There is a difference between 'unpatentable' in principle, and 'unpatentable' in the sense of 'not granted by IP Australia'.

No, sorry, you don't get to decide what is patentable or unpatentable 'in principle'. That is the job of IP Australia. If a decision gets appealed, the court will provide clarification of the law. There will always be some ambiguity in the law; decisions on RA and RPL are not going to change that. It is IP Australia's job to resolve that ambiguity, and when necessary get guidance from the courts or changes in legislation.

I believe that it has resulted in a number of decisions which are contrary to the existing law

It's funny how you can be so sure about the law of manner of manufacture that you know when a decision by IP Australia is contrary to the law (a very serious accusation), yet there is significant divergence of opinion on the subject. For example, the Federal Court judge in RA found decisively that the claimed invention was not a manner of manufacture. Your admitted self-interest in the outcome RPL makes your rhetoric ring quite hollow.

Unknown said...

Arachne, what you say here is simply wrong.

Under our system, the legislature makes law, and the courts both interpret and make law, depending upon the circumstances. You might have noticed that even governments sometimes have to go to court to resolve disputes over the correct interpretation and/or legality of their own laws (viz, the recent ACT marriage equality legislation).

Adminstrative bodies, such as IP Australia, administrate.
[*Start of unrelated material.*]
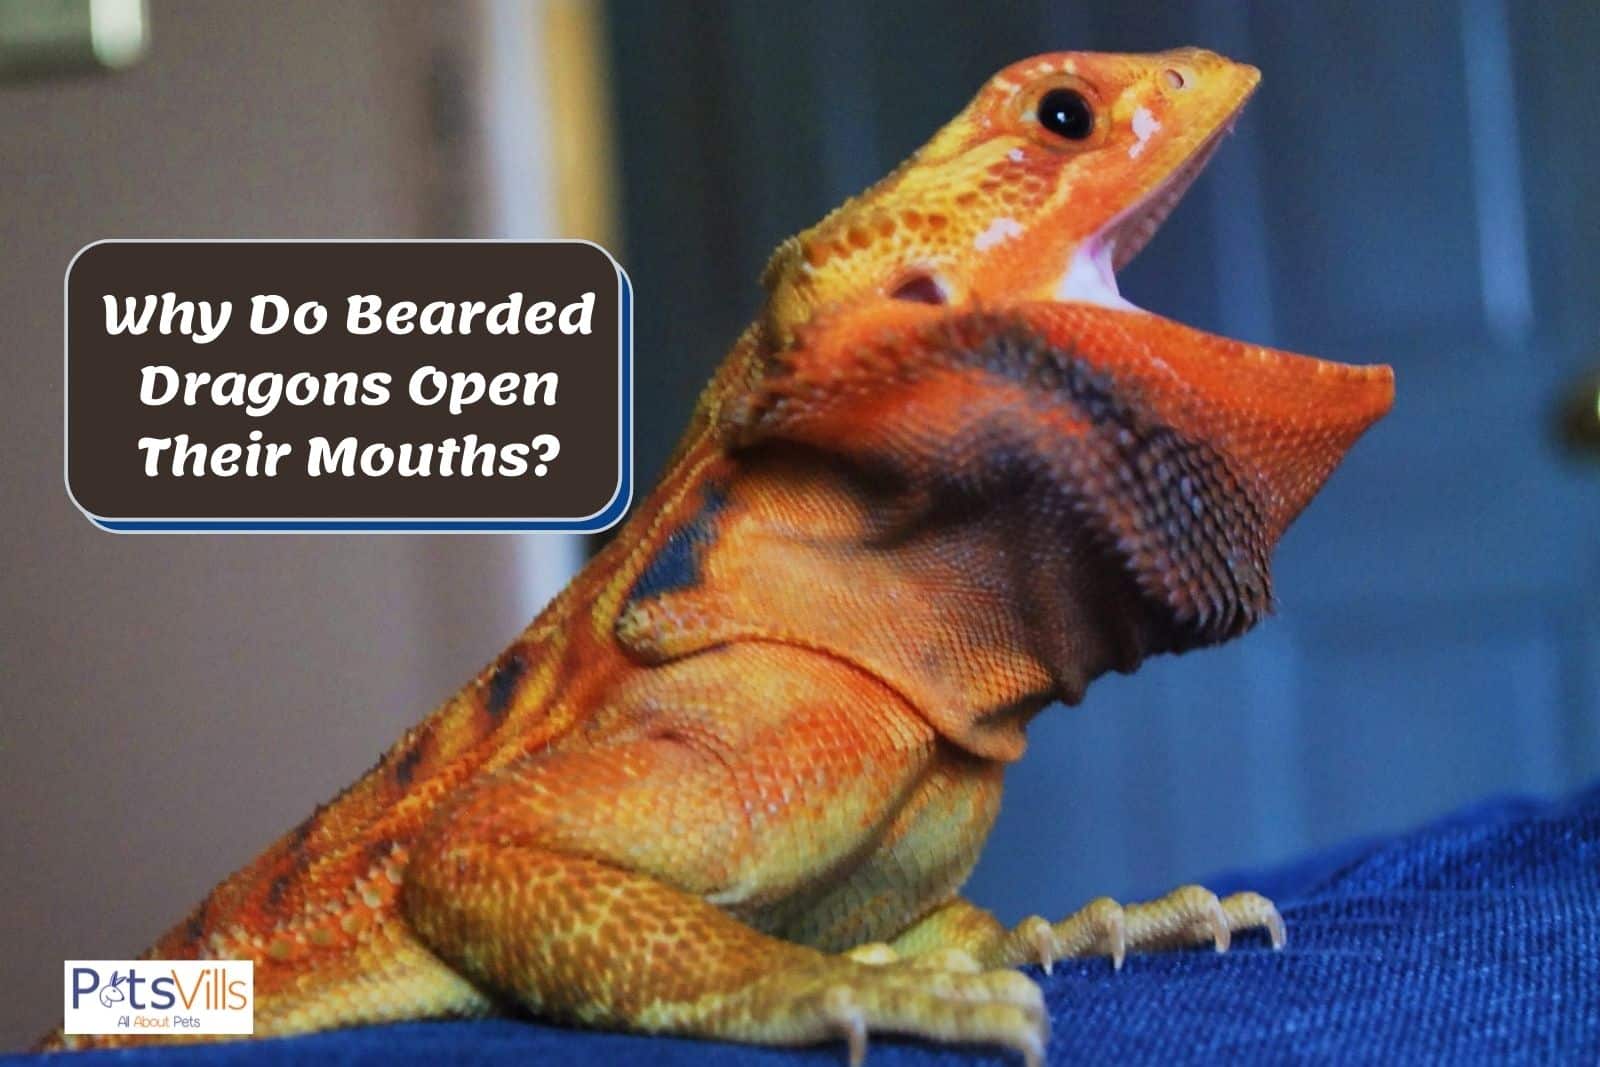 a bearded dragon mouth open

They are not a 'branch of the law'. Their decision-makers, for the most part, are not even legally-qualified.

You are, however, right that 'I' do not get to decide what is patentable or unpatentable in principle. That is the job of the courts. What I said was not that I decide, but that there is a difference between the law (i.e. legal principle) and administrative practice. This is self-evidently true. The Commissioner of Patents was wrong to reject the NRDC application and the IBM curve-drawing application, for example. More to the point, however, the Commissioner never 'sought guidance' from the courts in these (or any other) cases. The decisions arose because, eventually, an applicant appealed a rejection. The same can be said for RA and RPL Central. Furthermore, most judicial developments in the patent law occur in the course of disputes between commercial parties in which the Commissioner of patents is not even involved.

Finally, it is not a 'very serious accusation' for a legal professional to express an opinion on the law, within the bounds of their expertise. Providing such advice is, of course, a major part of the role of the legal professions. In every case in which there is a 'winner' and a 'loser' (i.e., in every case) someone went into open court and argued either that the position held by the other side is contrary to the law, or that they have their facts wrong, or both.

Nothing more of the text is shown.